• _EXERCISE REQUIREMENTS_: Output the first line below and each one after it, exactly, up to and including the line holding "Die ersten Zwischenfälle, die". Pictures should not be copied.

• _SUPPLIED INFORMATION_:
>>>
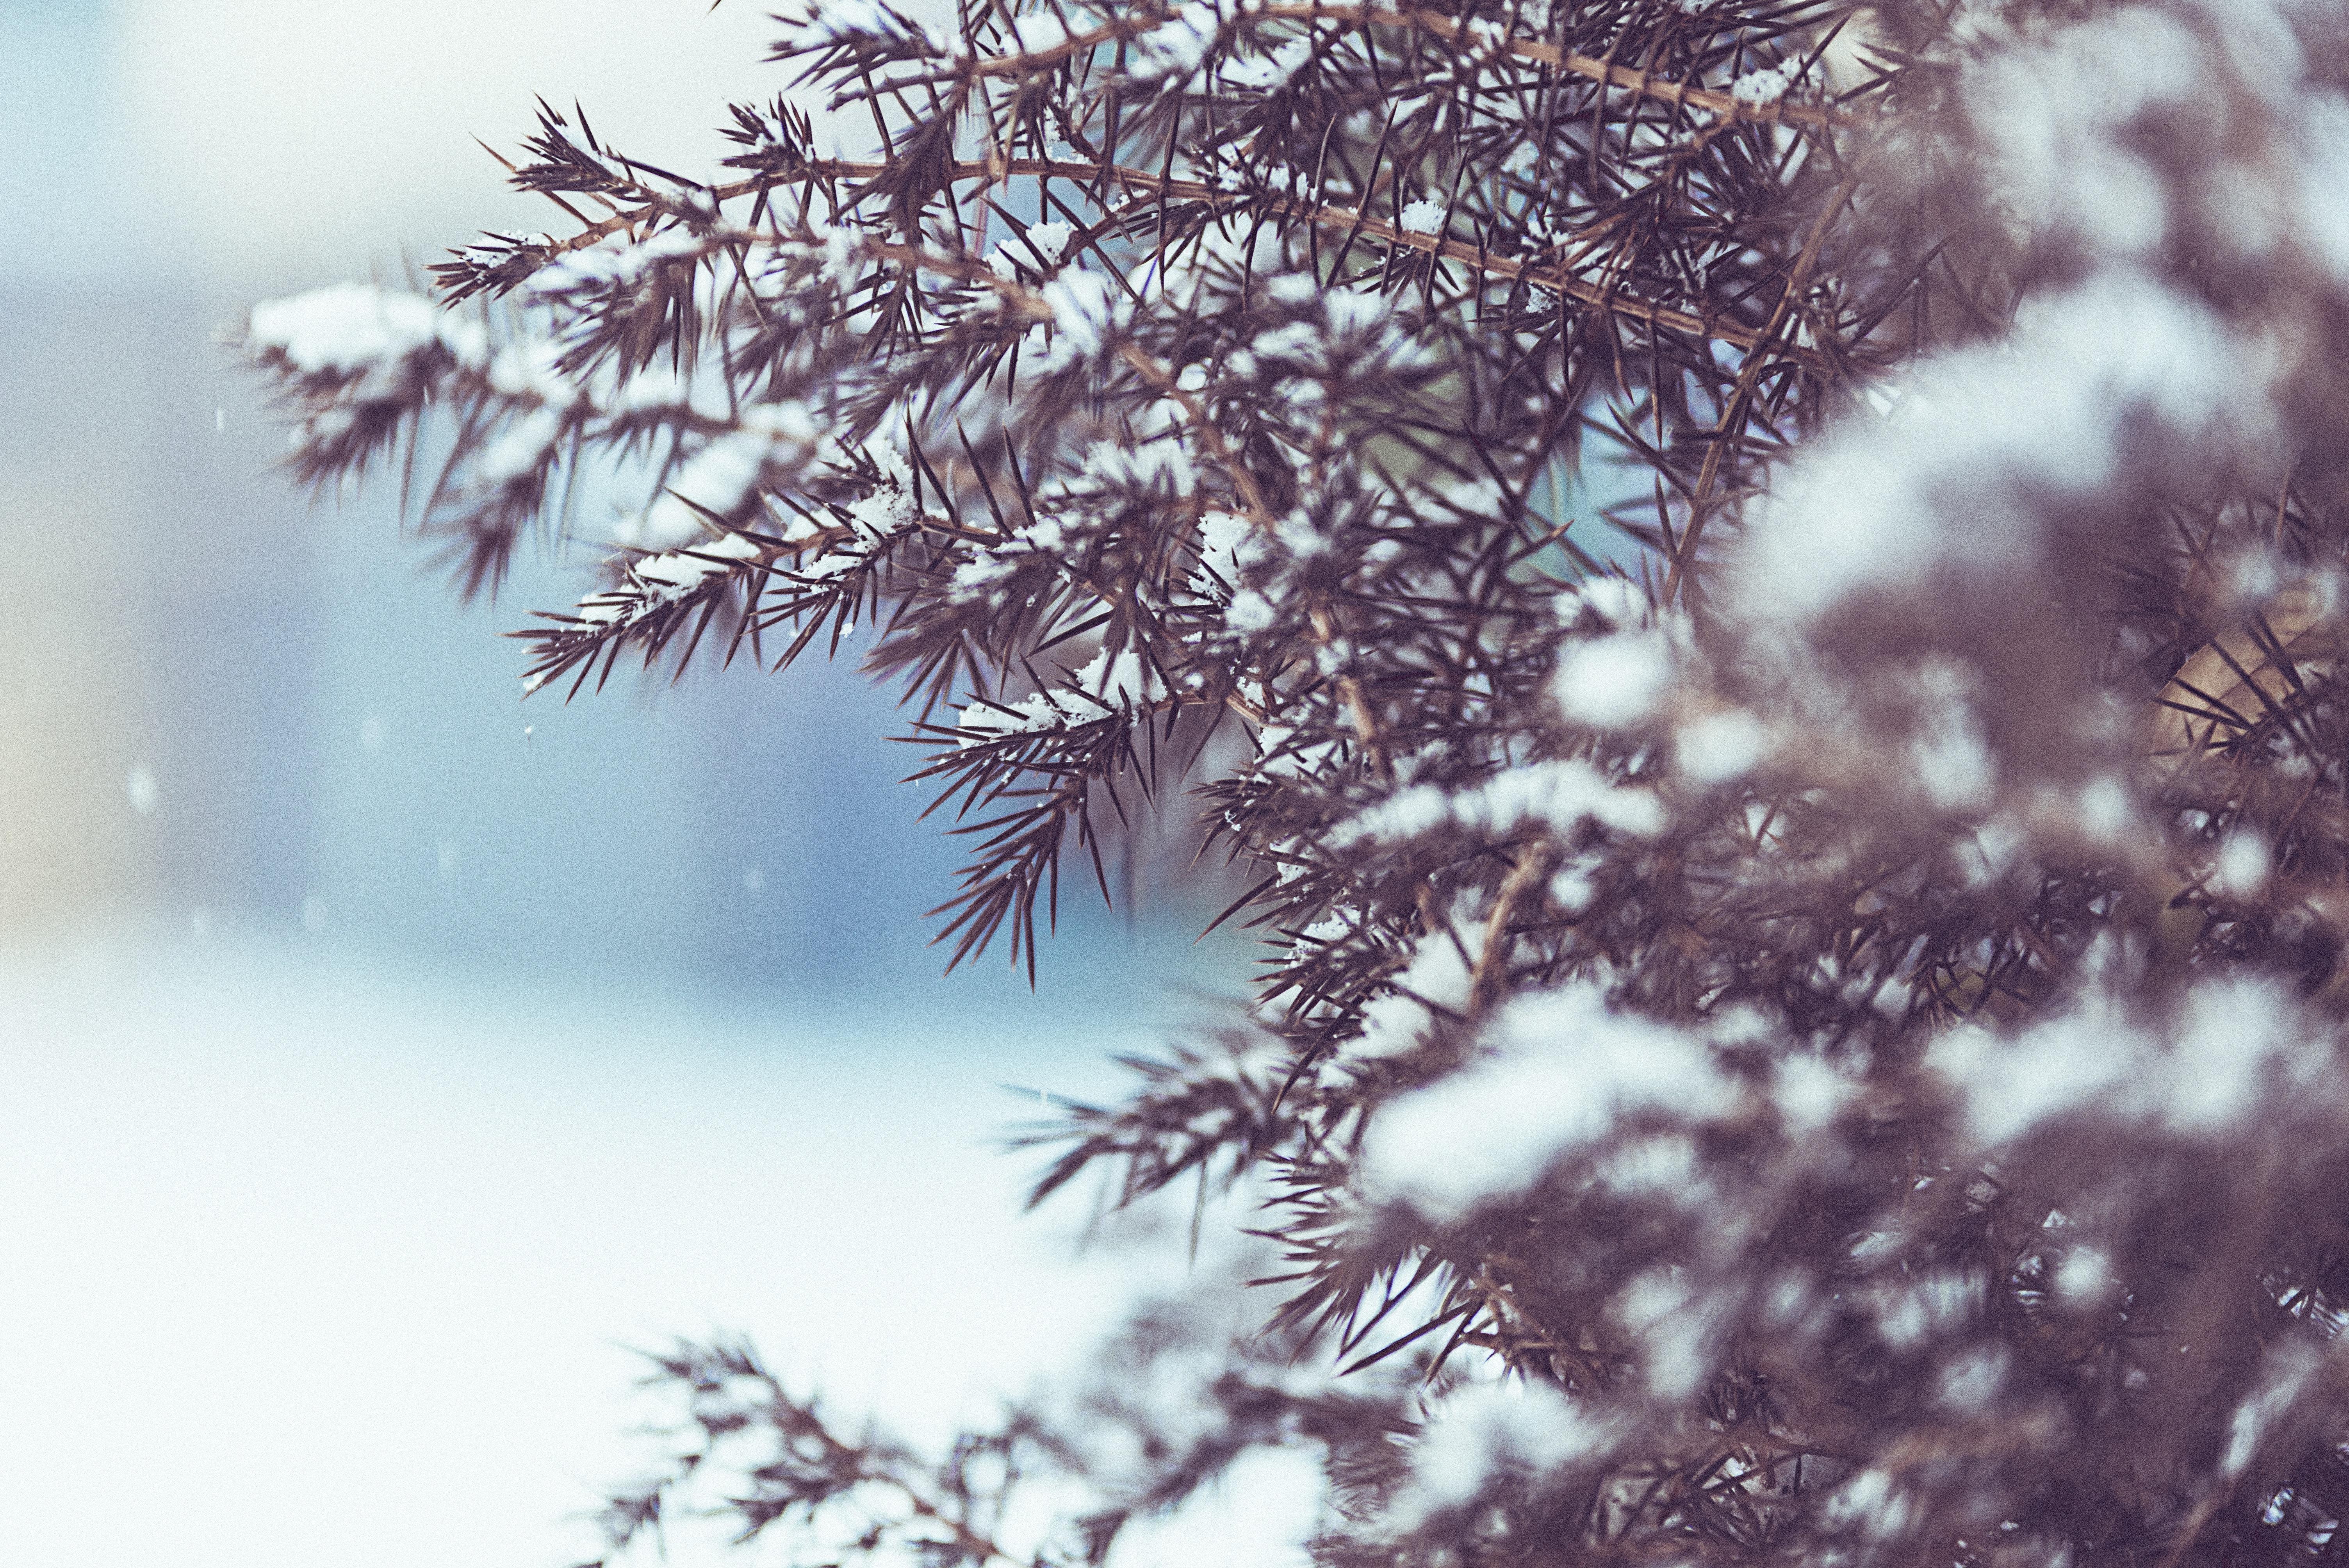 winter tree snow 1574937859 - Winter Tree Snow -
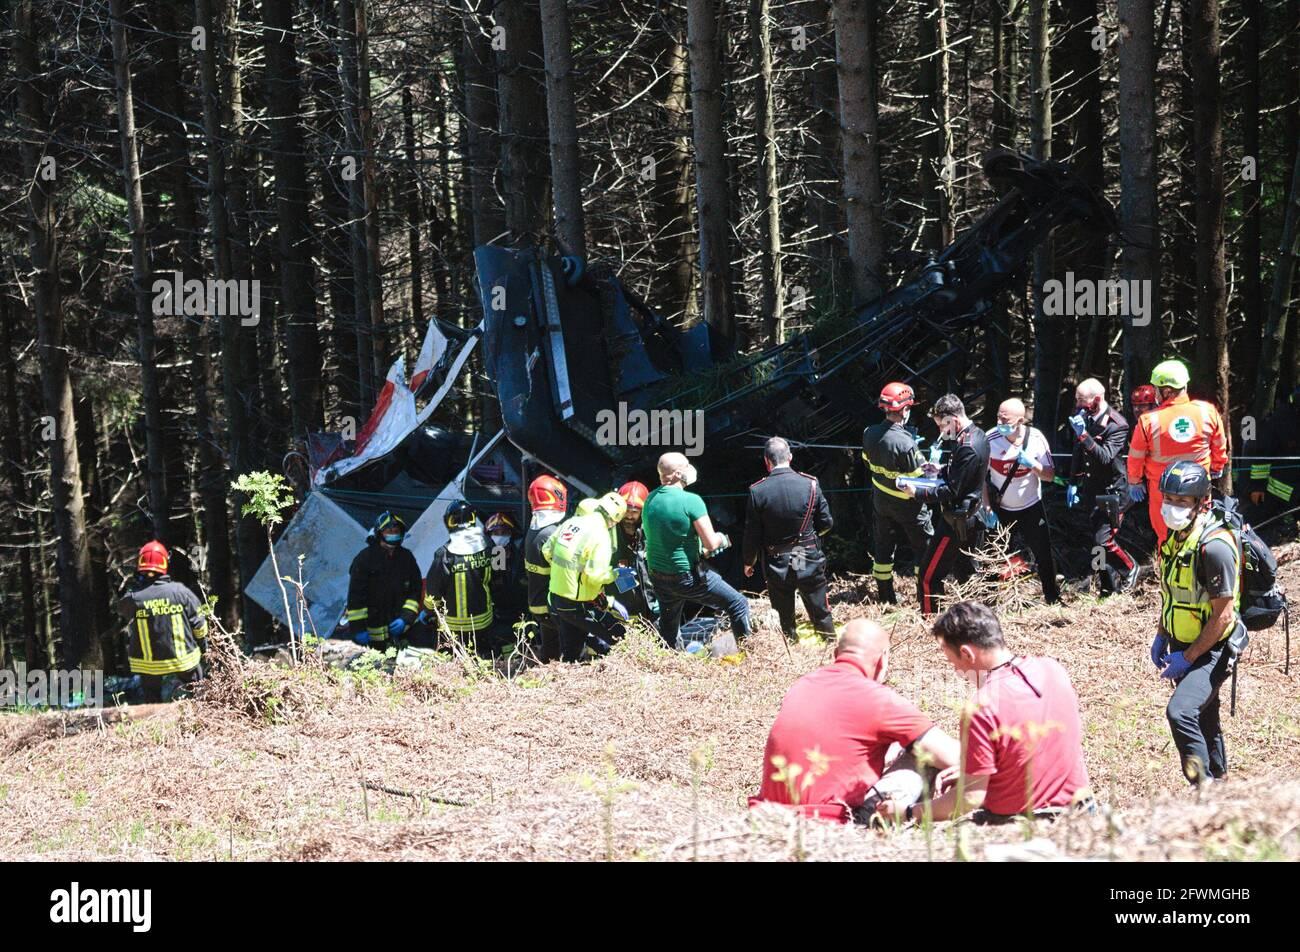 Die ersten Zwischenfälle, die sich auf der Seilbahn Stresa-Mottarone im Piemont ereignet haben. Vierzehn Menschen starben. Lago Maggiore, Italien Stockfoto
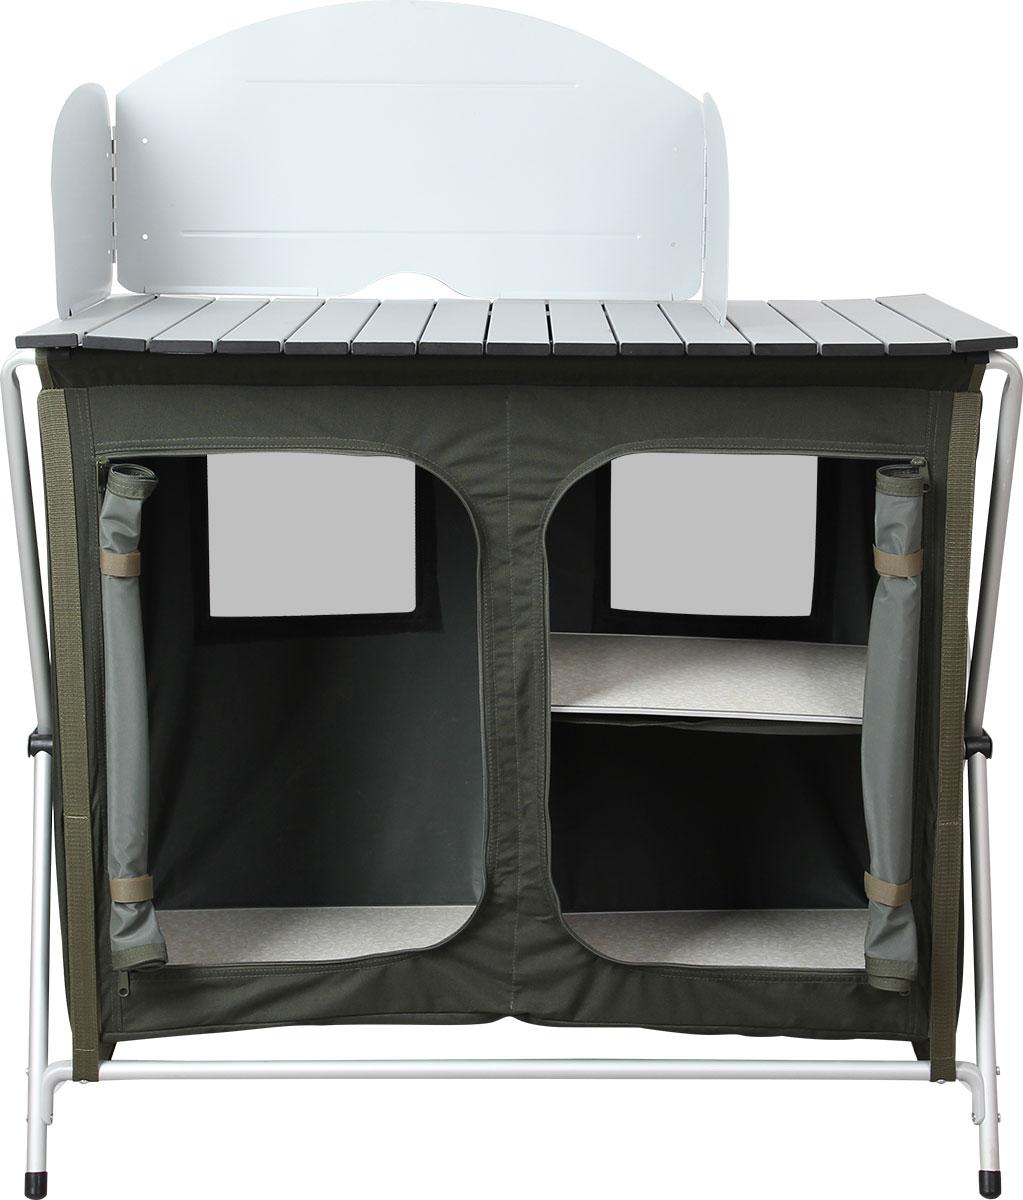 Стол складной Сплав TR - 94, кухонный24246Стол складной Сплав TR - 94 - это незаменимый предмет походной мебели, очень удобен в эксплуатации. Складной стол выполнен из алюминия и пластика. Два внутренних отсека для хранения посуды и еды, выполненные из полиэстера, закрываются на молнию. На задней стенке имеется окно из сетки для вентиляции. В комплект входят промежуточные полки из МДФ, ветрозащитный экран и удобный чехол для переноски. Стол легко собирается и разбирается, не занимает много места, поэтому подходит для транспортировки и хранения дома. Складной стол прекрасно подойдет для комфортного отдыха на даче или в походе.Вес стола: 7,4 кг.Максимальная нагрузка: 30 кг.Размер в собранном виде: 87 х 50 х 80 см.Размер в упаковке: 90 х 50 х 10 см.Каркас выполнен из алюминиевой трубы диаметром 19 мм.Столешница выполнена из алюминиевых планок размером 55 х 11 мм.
<<<
• _YOUR SOLUTION_:
 winter tree snow 1574937859 - Winter Tree Snow -
 Die ersten Zwischenfälle, die sich auf der Seilbahn Stresa-Mottarone im Piemont ereignet haben. Vierzehn Menschen starben. Lago Maggiore, Italien Stockfoto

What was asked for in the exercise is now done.